= Uniform space =

Topological space with a notion of uniform properties

In the mathematical field of topology, a uniform space is a set with additional structure that is used to define uniform properties, such as completeness, uniform continuity and uniform convergence. Uniform spaces generalize metric spaces and topological groups, but the concept is designed to formulate the weakest axioms needed for most proofs in analysis.
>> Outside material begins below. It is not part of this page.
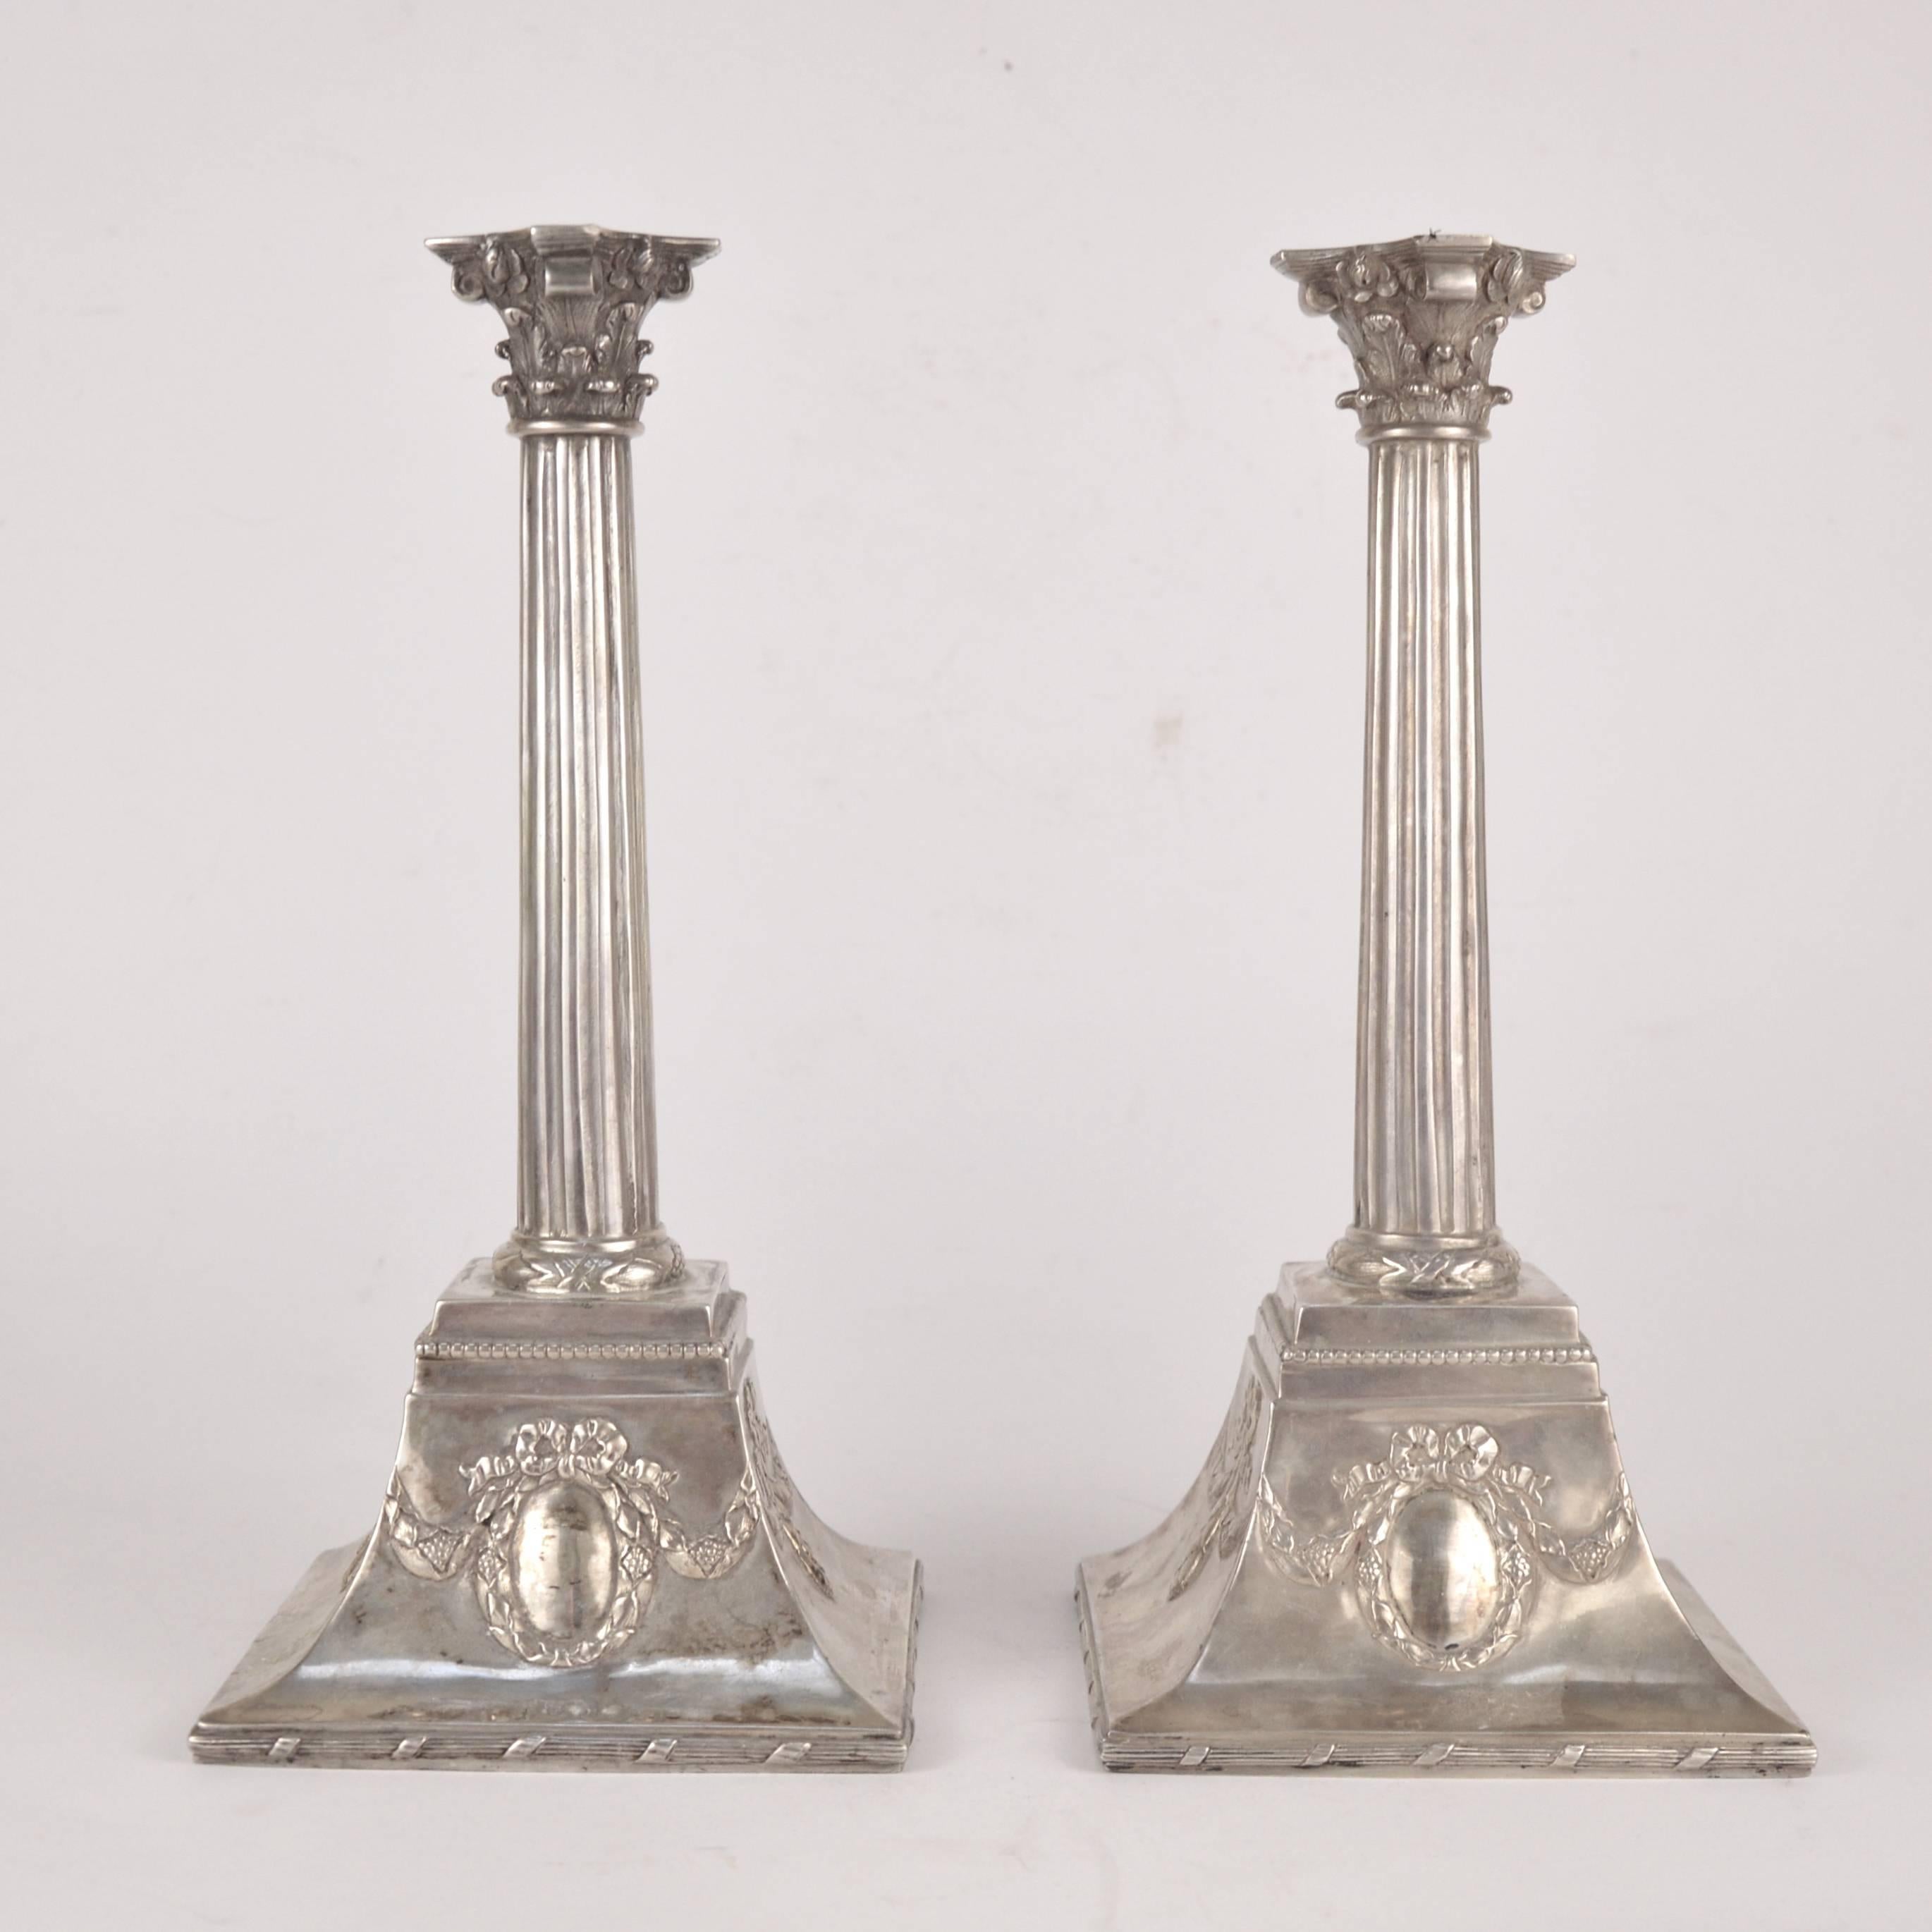 Empire Pair of English Silver Candlesticks, 19th Century

In addition to the usual properties of a topological structure, in a uniform space one formalizes the notions of relative closeness and closeness of points. In other words, ideas like "x is closer to a than y is to b" make sense in uniform spaces. By comparison, in a general topological space, given sets A,B it is meaningful to say that a point x is arbitrarily close to A (i.e., in the closure of A), or perhaps that A is a smaller neighborhood of x than B, but notions of closeness of points and relative closeness are not described well by topological structure alone.

==Definition==
There are three equivalent definitions for a uniform space. They all consist of a space equipped with a uniform structure.
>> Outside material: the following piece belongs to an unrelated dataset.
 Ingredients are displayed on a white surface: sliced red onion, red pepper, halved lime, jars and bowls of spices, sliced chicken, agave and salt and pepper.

===Entourage definition===

This definition adapts the presentation of a topological space in terms of neighborhood systems. A nonempty collection $\Phi$ of subsets of $X \times X$ is a uniform structure (or a uniformity) if it satisfies the following axioms:
1. If $U\in\Phi$ then $\Delta \subseteq U,$ where $\Delta = \{(x,x) : x \in X\}$ is the diagonal on $X \times X.$
2. If $U\in\Phi$ and $U \subseteq V \subseteq X \times X$ then $V\in\Phi.$
3. If $U\in\Phi$ and $V\in\Phi$ then $U \cap V \in \Phi.$
4. If $U\in\Phi$ then there is some $V \in\Phi$ such that $V \circ V \subseteq U$, where $V \circ V$ denotes the composite of $V$ with itself. The composite of two subsets $V$ and $U$ of $X \times X$ is defined by $$V \circ U = \{(x,z) ~:~ \text{ there exists } y \in X \, \text{ such that } \, (x,y) \in U \wedge (y,z) \in V \,\}.$$
5. If $U\in\Phi$ then $U^{-1} \in \Phi,$ where $U^{-1} = \{(y,x) : (x,y)\in U\}$ is the inverse of $U.$

The non-emptiness of $\Phi$ taken together with (2) and (3) states that $\Phi$ is a filter on $X \times X.$ If the last property is omitted we call the space quasiuniform. An element $U$ of $\Phi$ is called a vicinity or entourage from the French word for surroundings.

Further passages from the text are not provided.